I dump the box in the foyer and walk over to the kitchen to fix myself a nutritious meal consisting of six slices of pizza and shove them into the microwave. While I wait for them to heat, I gulp down an entire carton of orange juice. It’s crazy how quickly things change. When I moved here less than two weeks ago, everything in the fridge was so small and cute and mini.

Small cottage cheese. Tiny boutique personal bottles of juices. Individual cheese strings. Then I arrived. Melody got her Costco card two days later when she realized I’d eat the fucking counter if no one stopped me. Now everything here comes in bulk. There’s enough meat in the freezer to reassemble an entire farm.

I lean a hip against the counter and hoover the pizza slices. That’s my afternoon snack sorted. I wonder what Melody has in store for dinner. I have practice every day from three thirty to six o’clock, then I shower and do homework. I don’t have time to play house with the Followhills, but one thing I never pass on is their fucking dinner. They sure love their fancy meals, and when Jaime is in a good mood—which is basically always—he slips me a Bud Light, too.

Mrs. Followhill is a drill sergeant about being prompt. But since I moved in, Bailey said dinner on the nights Melody doesn’t teach has changed from six thirty sharp to seven fifteen when I get out of my shower. She’s all right, I guess, for doing that. It’s becoming increasingly difficult to resent her when she is trying so damn hard.

Harder than my own mother ever did, actually.

After I wash my plate, I go upstairs to dump my shit in my room, which used to be a guest room, but the Followhills have decorated it with Raiders merchandise, a flat-screen TV, an Xbox, and a guitar (more proof rich people love the whole show. I don’t play the guitar). There’s even a dark maroon pillow with my name and jersey number on it. Every day when I come home, I find more new personalized Penn shit. I already told Mel that if I catch her trying to put a diaper on me in the middle of the night, we’re done.

I turn around, about to head to the shower, when I see Daria on my threshold in her barely there cheer outfit. The tiny, cropped, tight black and blue top and miniskirt should be illegal anywhere that’s not a strip club or my bed.

Arching an eyebrow, I kick my shoes off, then throw my jacket on the floor. She folds her arms, leaning one shoulder against my doorframe. I know we’re alone, because if we weren’t, she wouldn’t be standing here, openly ogling me. Jaime doesn’t want us to be alone. Wouldn’t be surprised if there are new cameras in the house, too. My phone starts flashing with text messages. Adriana, having a sixth sense and wanting to remind me that she exists.

Addy: Miss you!

Addy: Come to Lenny’s.

Addy: When am I going to see you?

“Do continue.” Daria’s gaze drops to my crotch, where it stays. “You were in the middle of something, weren’t you?”

I grab the red pillow and throw it at her.

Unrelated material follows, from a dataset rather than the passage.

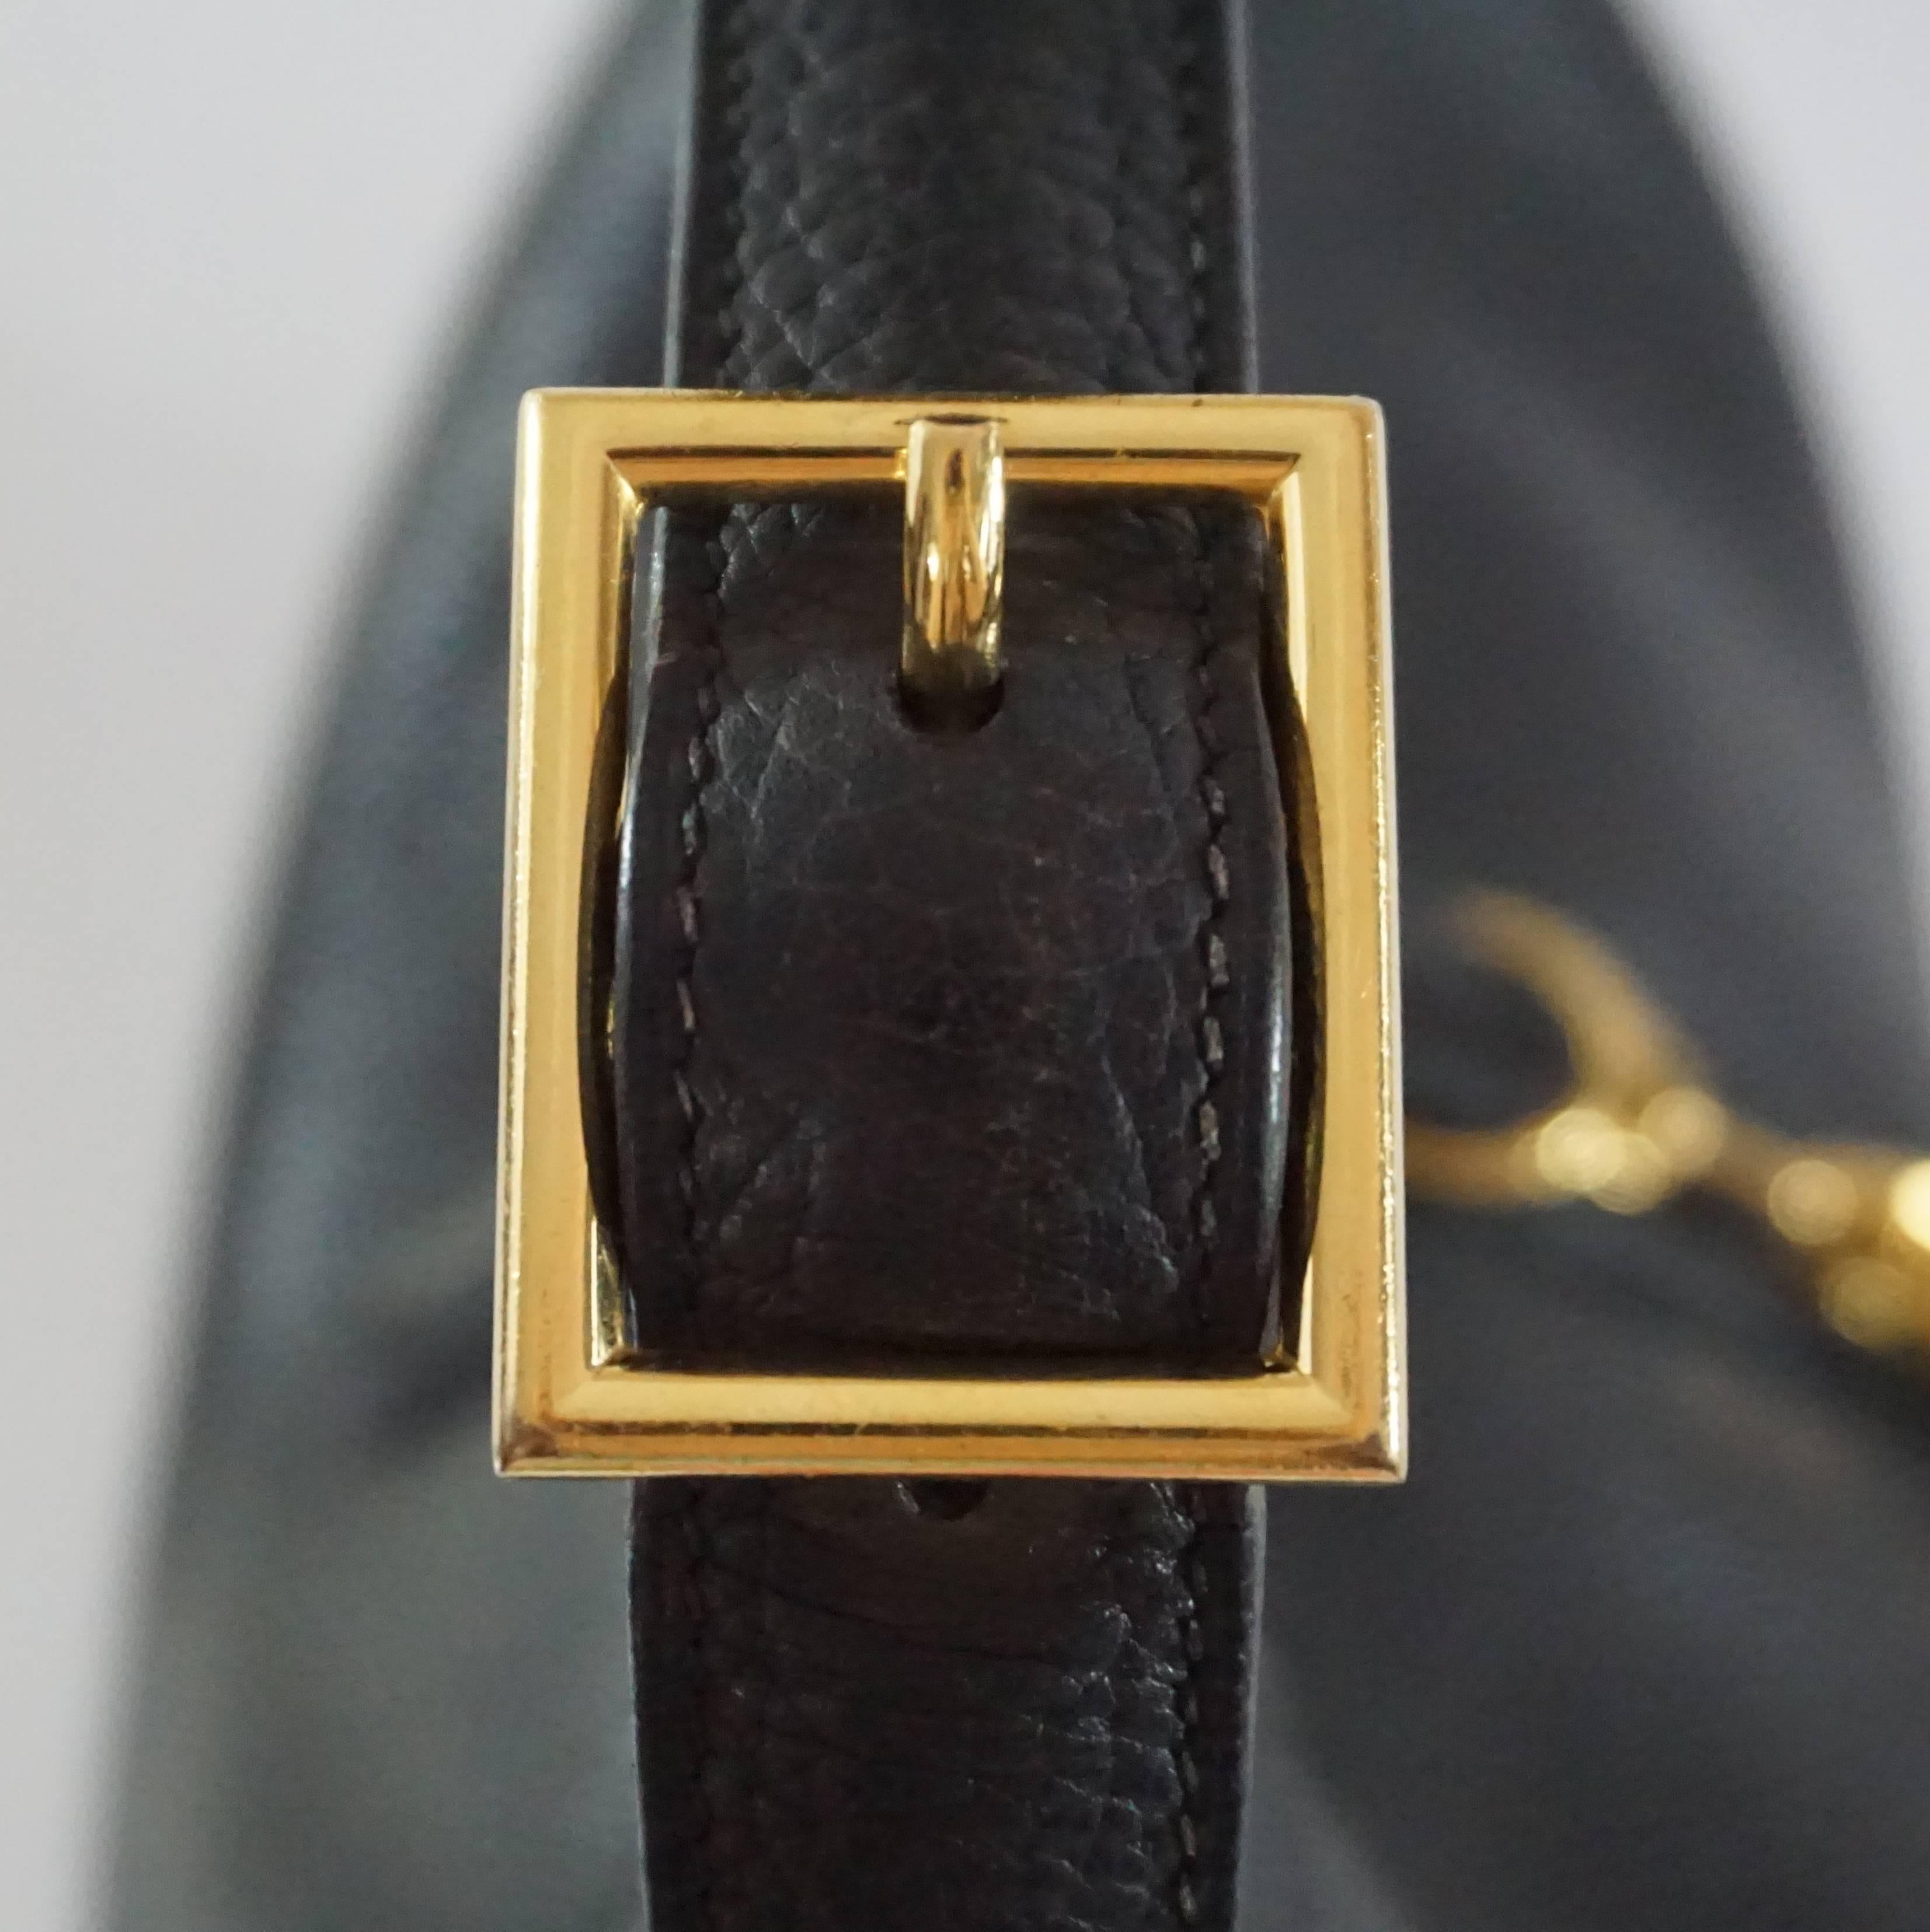 Hermes Black 35cm Togo Leather Trim Handbag - GHW - circa 2004 4

She catches it and flings it back on my bed.

“Go play with your Barbies, Skull Eyes.”

Her smile widens, and she blushes. It occurs to me that I might have a hard-on. I look down. Half-mast and firmly covered. So why is she practically red?

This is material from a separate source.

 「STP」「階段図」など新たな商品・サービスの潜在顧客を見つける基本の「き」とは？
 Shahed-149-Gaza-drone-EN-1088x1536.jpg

“You haven’t called me Skull Eyes in forever.”

“It’s not a fucking pet name. Don’t send our wedding invitations just yet.”

“Mhm-hmm.” She nods, biting down on a pink fingernail.

“How’s your little boyfriend, Gus, doing? Still sucking ass for a living?”

“Penn Scully presents: When life gives you lemons, become a bitter jerk.”

“One game,” I stress. “You won one game. Life didn’t give me lemons. It gave me a good opportunity to get even.”

I need to make sure that Daria is a hobby, not an addiction. Adolescent hearts are trash and as loyal as a starving stray cat. They’ll take anything. Even scraps. I don’t want to feed my rusty tin heart junk. And Daria, she stomped on it hard enough for me to know she’s not even a greasy burger. She’s a Pop-Tarts covered in cyanide.